Maine State Retirement System
November 3, 2003
Mr. Jonathan G. Katz
Re: File No. S7-19-03 Corporate Board Nomination Reforms - More Is Needed
Dear Mr. Katz:
I am writing in my capacity as Chair of the Board of Trustees of the Maine State Retirement System, which has assets of approximately $7.2 billion. By public fund standards, our fund is relatively small, but we do own over 3 million shares of Microsoft, over 3 million shares of GE, over 2 million shares of Exxon, and so on. These are meaningful stock holdings.
The proposed SEC corporate board reforms are not adequate. The triggers are too difficult to reach, and the time delays are too long. To reach the triggers, shareholders must get a 35% vote against a director or a 50% vote to activate the access mechanism. This essentially means that a full-blown proxy battle must be waged as a first step.
Alternatively, we suggest that the trigger step be dispensed with, and the SEC move directly to step 2 for all corporations. Under this step, owners of 5% of outstanding shares (more than 500 million shares in the case of Microsoft) would have an opportunity to add at least one director to the nomination slate. This seems reasonable.

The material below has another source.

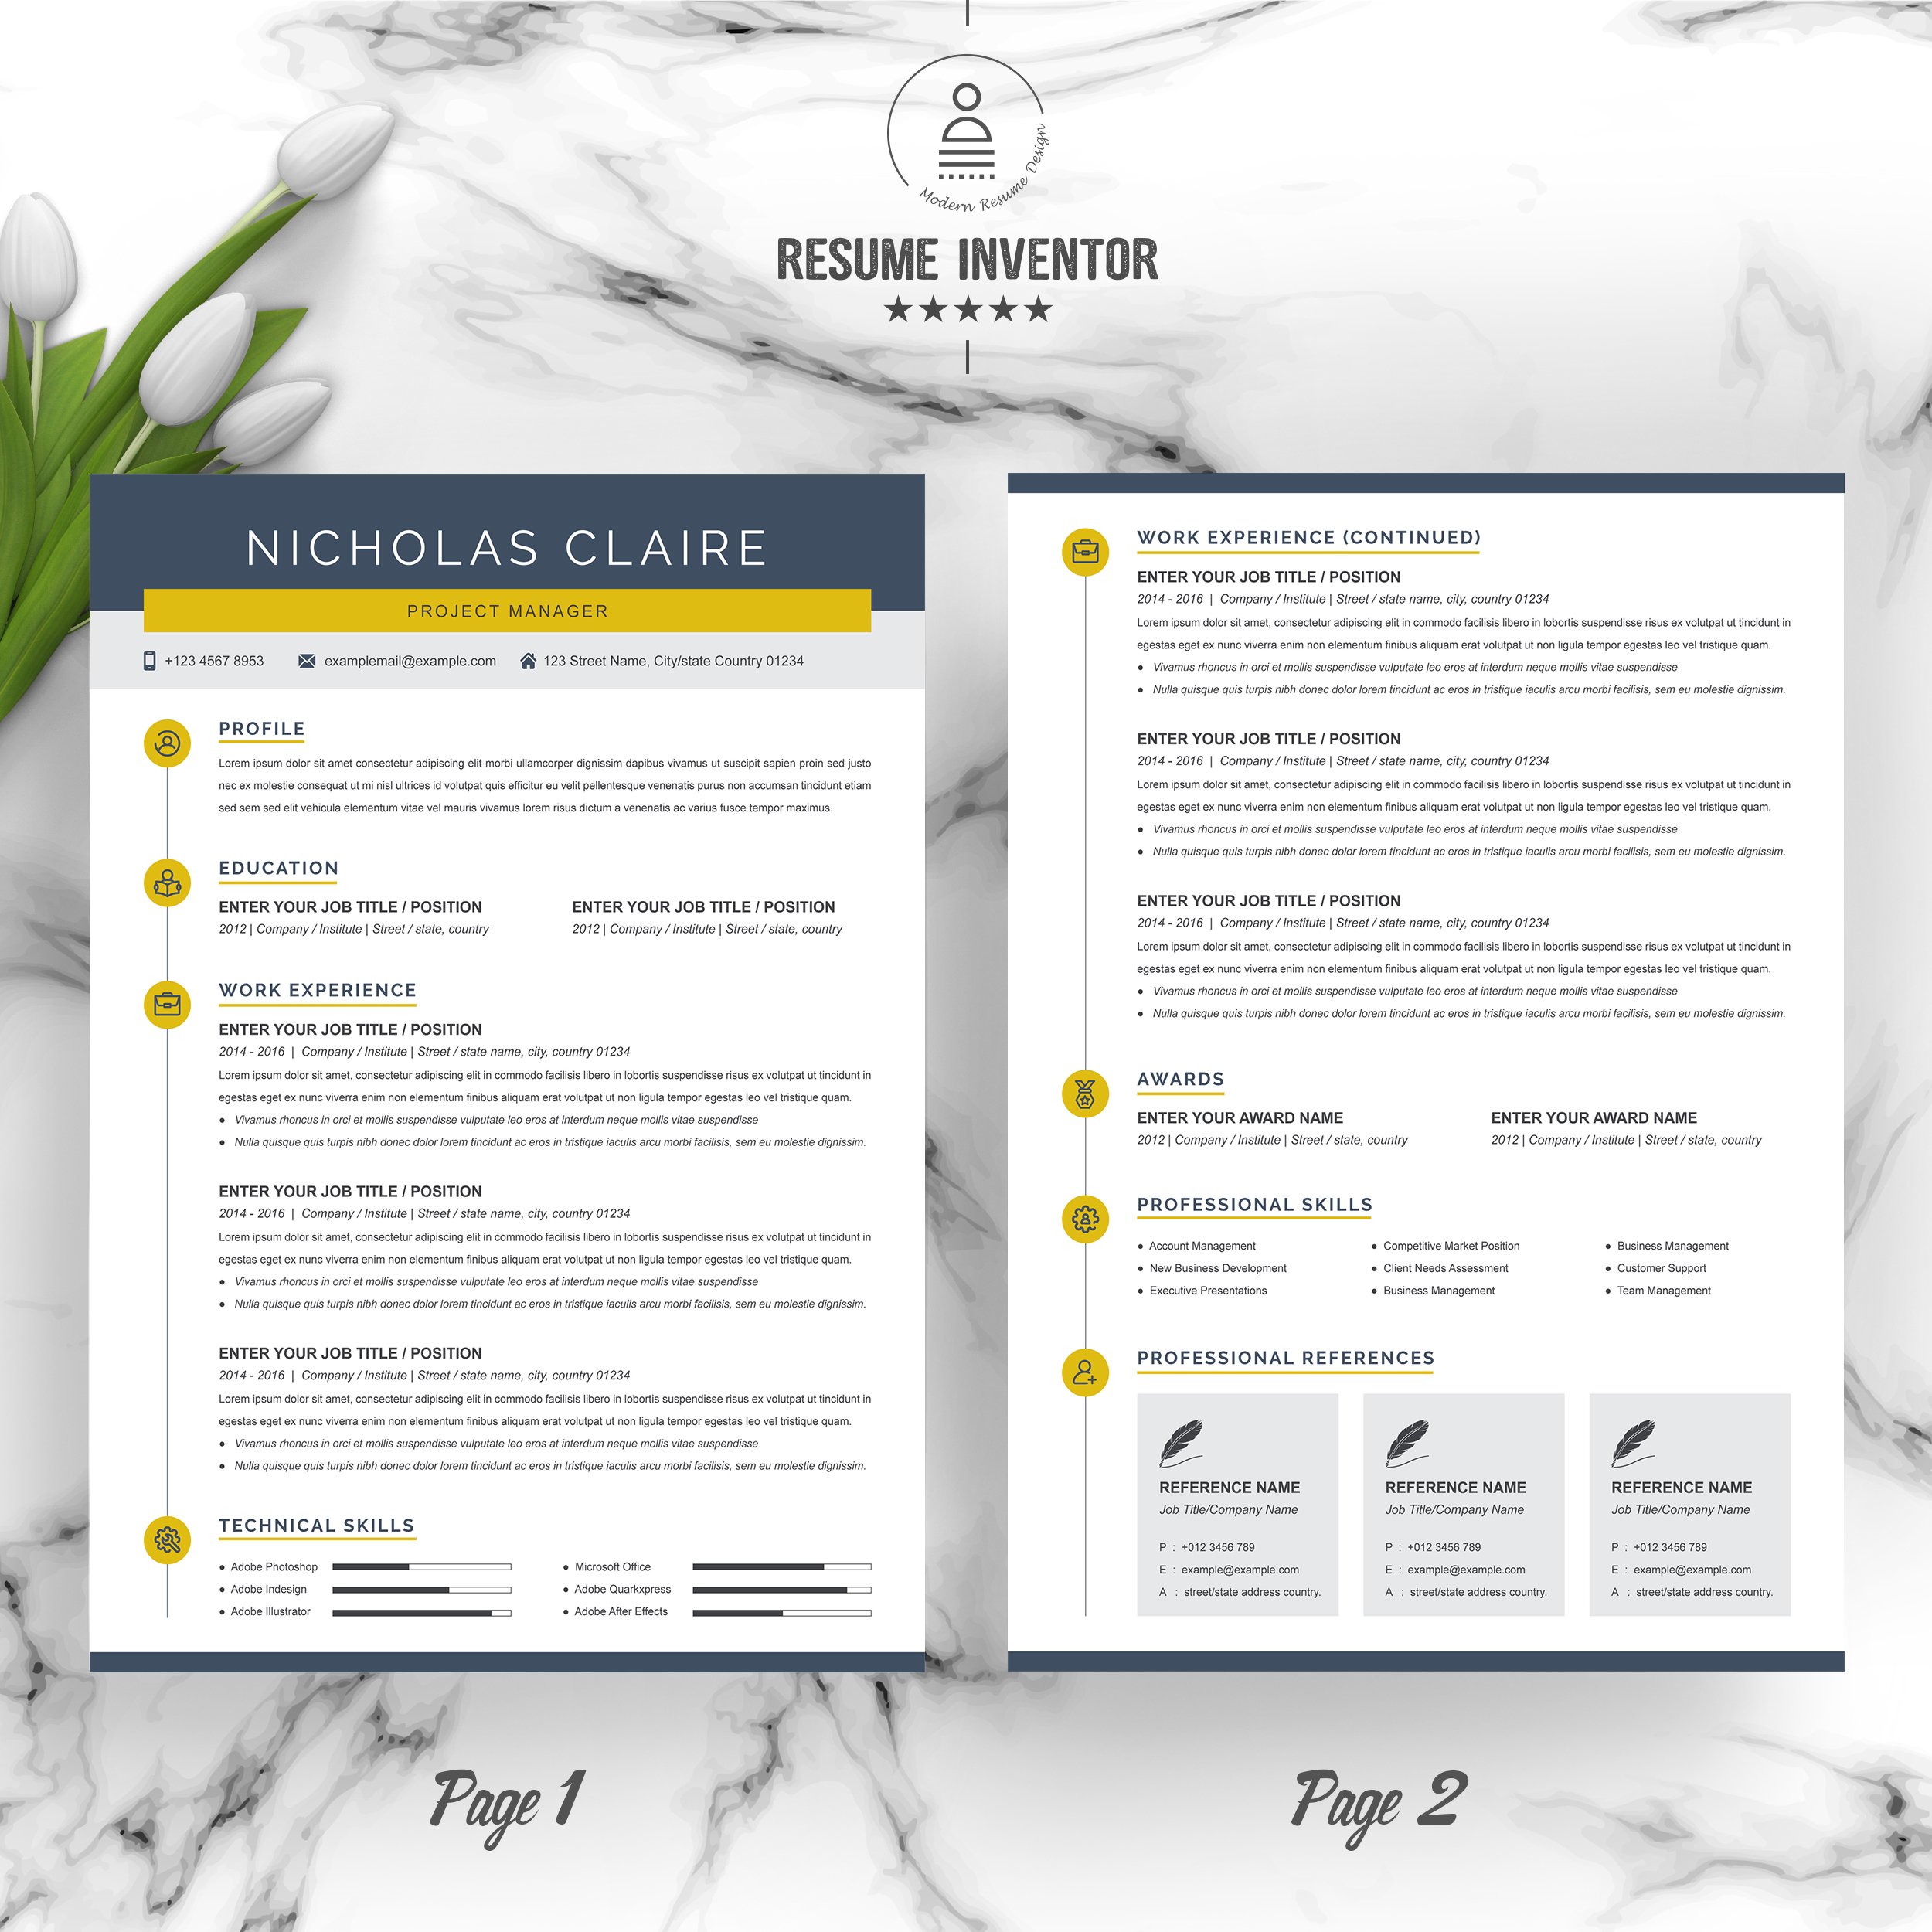 Project Manager Resume/CV Template preview image.

If this is not palatable to Corporate America, the following proposal should be instituted: shareholders owing at least 5 percent of the stock for at least two years should be able to submit up to two candidates each year for consideration by the nominating committee, and if the nominating committee rejects these candidates for the Board slate, the company must explain its decision in the annual proxy report. (This is part of the reported settlement in the class action lawsuit between Los Angeles County Employees Retirement Association, "LACERA", among others, and ENTERASYS, and this proposal makes eminently good sense.)
The Maine State Retirement System feels strongly that the proposed SEC nomination policy is insufficient to grant institutional shareholders with reasonable access to the Board nomination process.